On April 29, 2026, a Linux kernel local privilege escalation vulnerability was publicly disclosed under the name “Copy Fail” (CVE-2026-31431). As soon as it was disclosed, Cloudflare’s Security and Engineering teams began assessing the vulnerability. They reviewed the exploit technique, evaluated its impact on our infrastructure, and confirmed that our existing behavioral detections could spot the exploit within minutes.
There was no impact to the Cloudflare environment, no customer data was exposed, and all services continued to function without interruption at all times. Discover how our preparedness played a role in ensuring this.
Our approach to Linux kernel releases
Cloudflare manages a massive global Linux server infrastructure spread across more than 330 cities.
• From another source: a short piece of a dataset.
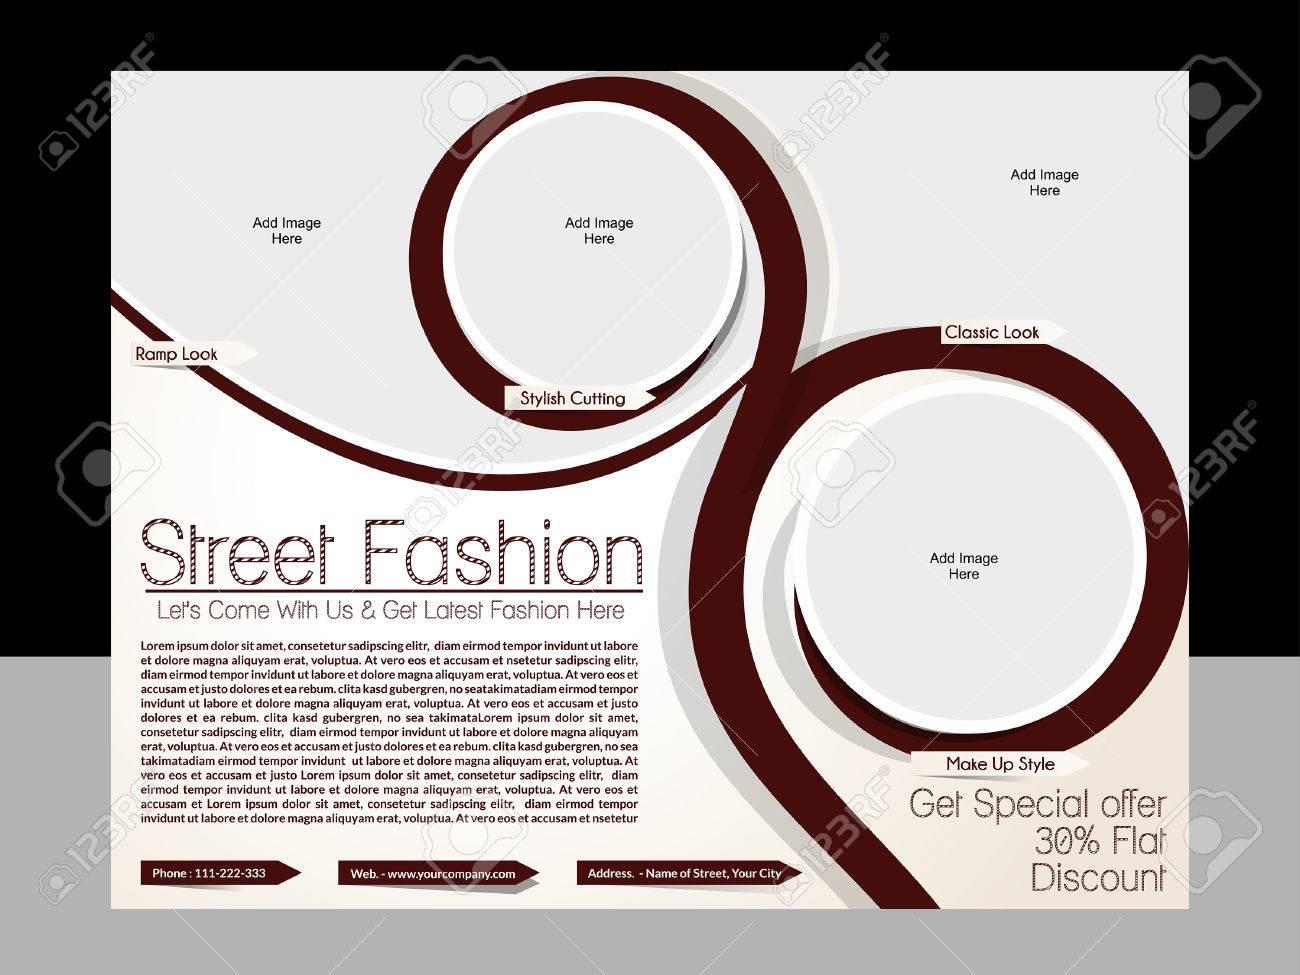 Street Fashion Flyer Template Vector Illustration Royalty Free ...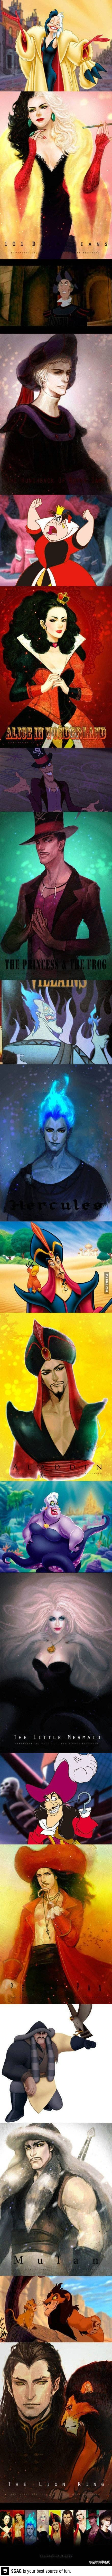 Disney Antagonists!

We use a customized Linux kernel build based on the community’s Long-Term Support (LTS) versions to efficiently handle updates at this scale. Currently, we use multiple LTS versions from series such as 6.12 and 6.18, both of which receive long-term support.
The community continually merges and publishes security and stability fixes, which automatically trigger a new internal kernel build every week. These builds undergo thorough testing in our staging data centers to verify reliability before being deployed globally. Once a release is greenlit, our Edge Reboot Release (ERR) pipeline handles the rollout, rebooting edge infrastructure systematically over a four-week cycle. Control plane infrastructure is kept on the latest kernel, with reboots planned to suit workload demands.
By the time a CVE is made public, the fix has usually been merged into stable Linux LTS releases for several weeks. Our processes guarantee that we’ve already applied those patches by then.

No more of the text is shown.